Reputation: 551
I'd like to group by the values of the following dictionary:
my_dict = {"Q1": {0: "no", 1: "yes"}, "Q2": {0: "no", 1: "yes"},
"Q3": {1: "animal", 2: "vehicle"}, Q4: {1: "animal", 2: "vehicle"}}
The result should look like this:
result = {("Q1", "Q2"): {0: "no", 1: "yes"},
("Q3", "Q4"): {1: "animal", 2: "vehicle"}}
I've tried the solutions listed here: Grouping Python dictionary keys as a list and create a new dictionary with this list as a value
Using collections.defaultdict does not work because the result would imply that the dictionaries which I use as a key for grouping end up as keys of the result dictionary like that:
result = {{0: "no", 1: "yes"}: ["Q1", "Q2"] ,
{1: "animal", 2: "vehicle"}: ["Q3", "Q4"]}
Of course this does not work because keys of dictionaries have to be immutible. So I would require something like a frozendict which is not available in the standard library of python.
Using itertools.groupby also does not work because it requires the data to be sorted. But operator.itemgetter cannot sort dictionaries. It says:
TypeError: '<' not supported between instances of 'dict' and 'dict'
Therefore, I'd like to know a Pythonic way of solving this problem! Thank you for your help :)
Upvotes: 0
Views: 757
Reputation: 14216
Here is another way using both frozenset
and groupby
from operator import itemgetter
from itertools import groupby
first = itemgetter(0)
second = itemgetter(1)
my_hashes = sorted([(k, hash(frozenset(v))) for k, v in my_dict.items()], key=second)
d = dict()
for k, v in groupby(my_hashes, key=second):
items = list(v)
d[tuple(map(first, items))] = my_dict.get(first(first(items)))
print(d)
{('Q3', 'Q4'): {1: 'animal', 2: 'vehicle'}, ('Q1', 'Q2'): {0: 'no', 1: 'yes'}}
Upvotes: 0
Reputation: 26039
Assuming a sorted dictionary by value, you can use itertools.groupby
:
{tuple(g): k for k, g in groupby(my_dict, key=my_dict.get)}
Code:
from itertools import groupby
my_dict = {"Q1": {0: "no", 1: "yes"}, "Q2": {0: "no", 1: "yes"},
"Q3": {1: "animal", 2: "vehicle"}, "Q4": {1: "animal", 2: "vehicle"}}
print({tuple(g): k for k, g in groupby(my_dict, key=my_dict.get)})

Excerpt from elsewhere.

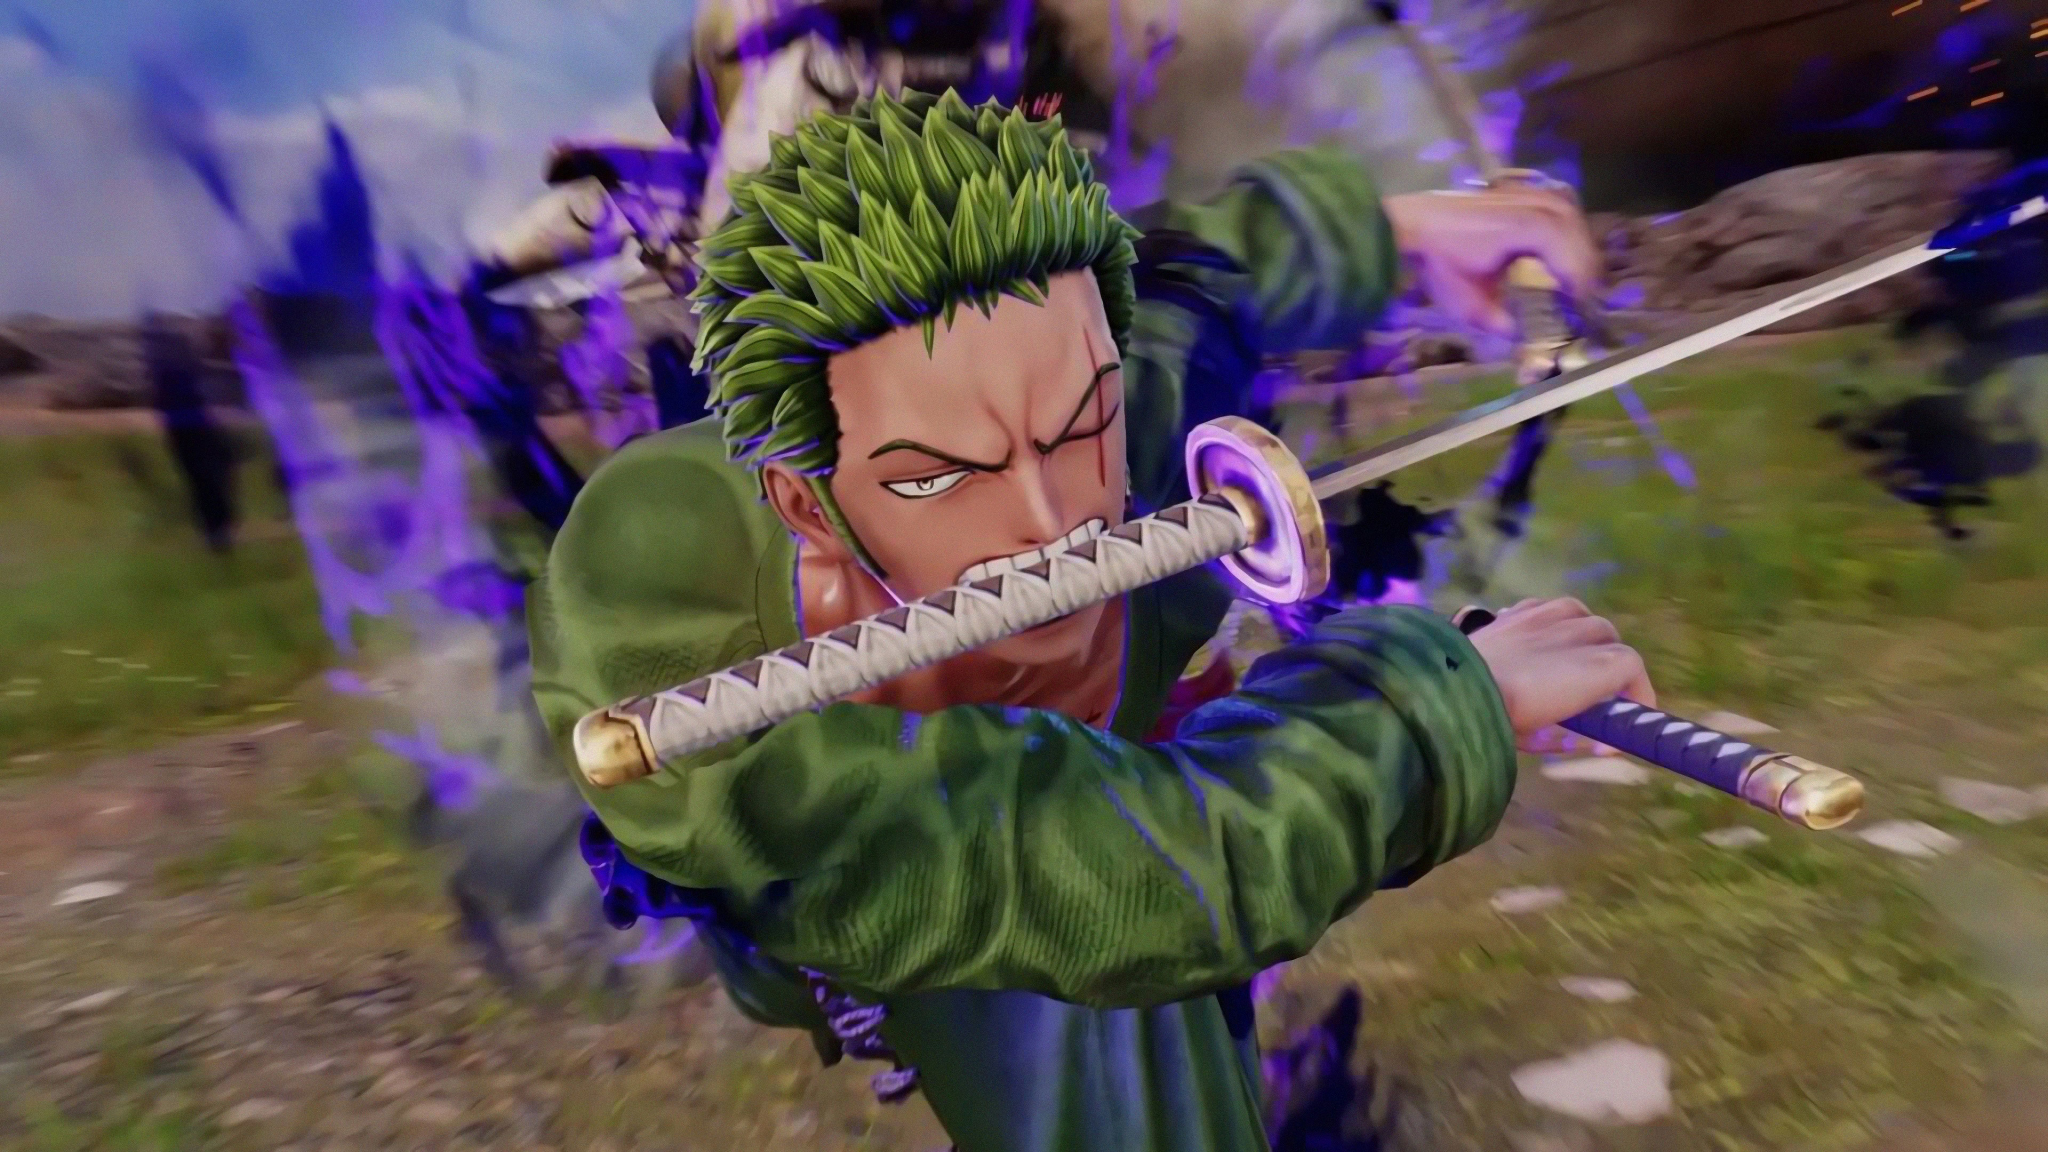 Download Jump Force Roronoa Zoro Video Game One Piece Anime 48x1152 Wallpaper Dual Wide 48x1152 Hd Image Background

# {('Q1', 'Q2'): {0: 'no', 1: 'yes'}, ('Q3', 'Q4'): {1: 'animal', 2: 'vehicle'}}
Upvotes: 3
Reputation: 15035
Instead of using frozendict
, you can use frozenset
's of the dictionaries' items:
intermediate_dict = defaultdict(list)
for k, v in my_dict.items():
intermediate_dict[frozenset(v.items())].append(k)
result = {tuple(v): dict(k) for k, v in intermediate_dict.items()}
Output:
{('Q1', 'Q2'): {0: 'no', 1: 'yes'}, ('Q3', 'Q4'): {1: 'animal', 2: 'vehicle'}}
The above does not assume or require sorted input, making it O(n)

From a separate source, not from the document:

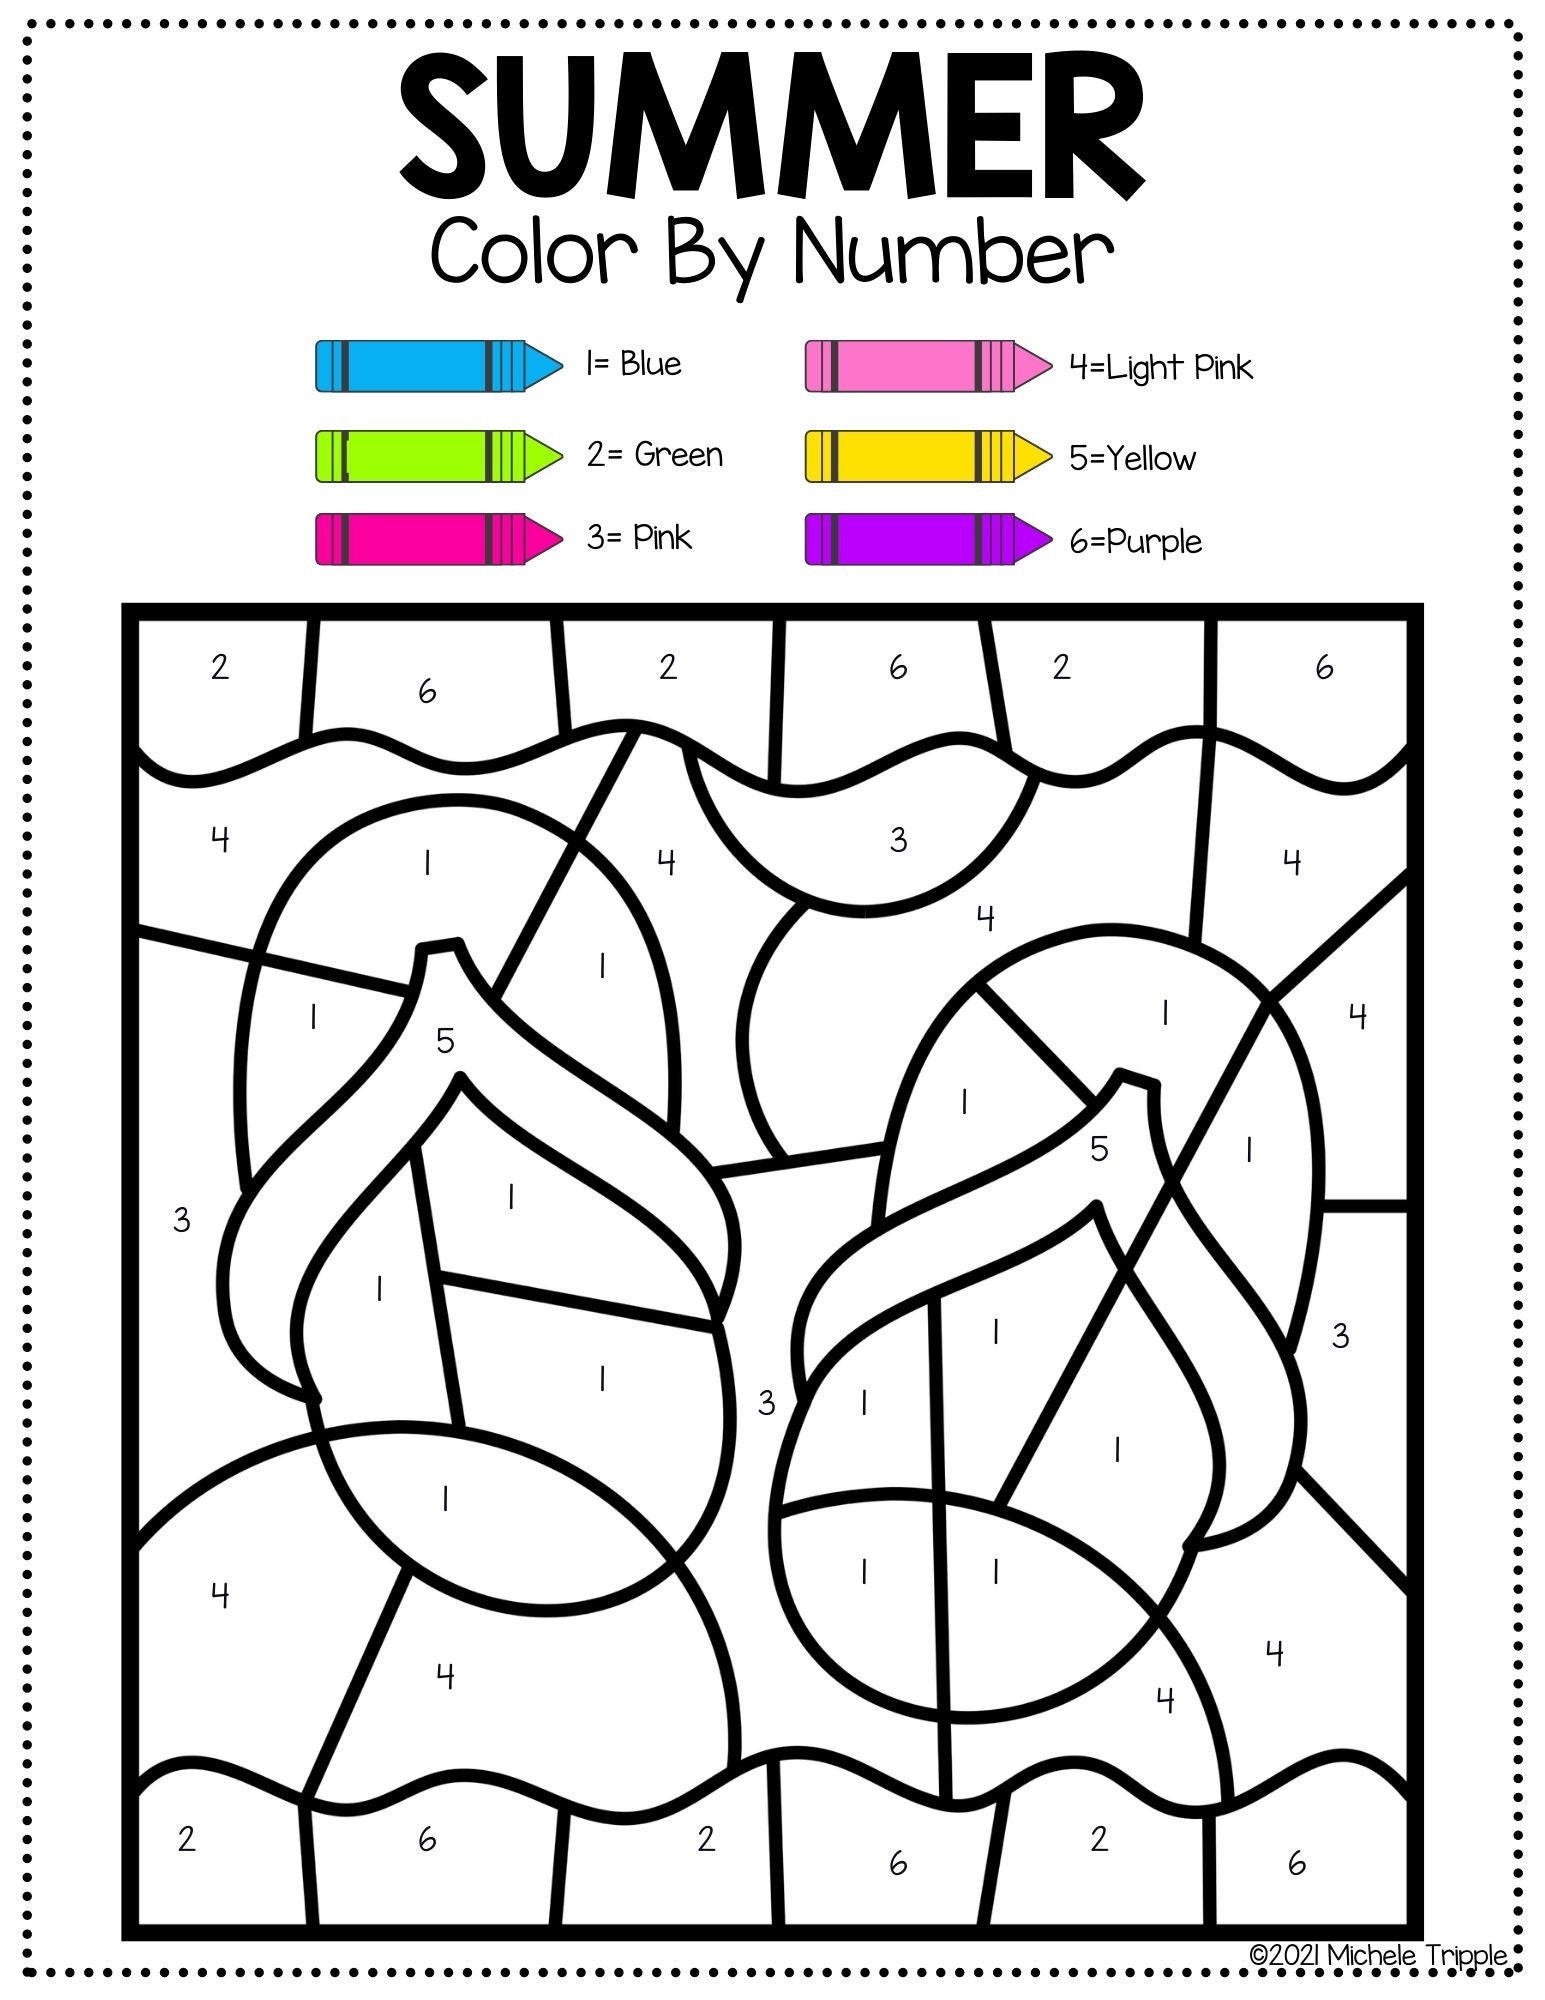 summer-color-by-number-printables

for all cases, while sorting is O(n log n)
.
Upvotes: 4
Reputation: 4689
So I would require something like a frozendict which is not available in the standard library of python.
Could you elaborate on this? While frozendict
is not in the language standard, there's an extension available that you could install: https://pypi.org/project/frozendict/
Alternatively, you can turn the dictionaries into a tuple of (key-sorted) (key, value)
items to get an immutable, canonical and reversible representation that can be used as a dictionary key.
(Note that if the dictionaries can have further mutable values inside them, you might need to do this recursively.)
Edit: Or use a frozenset() for the items, as the other answer points out. Note that this also requires recursively ensuring the values of the inner dictionary are immutable.
Upvotes: 0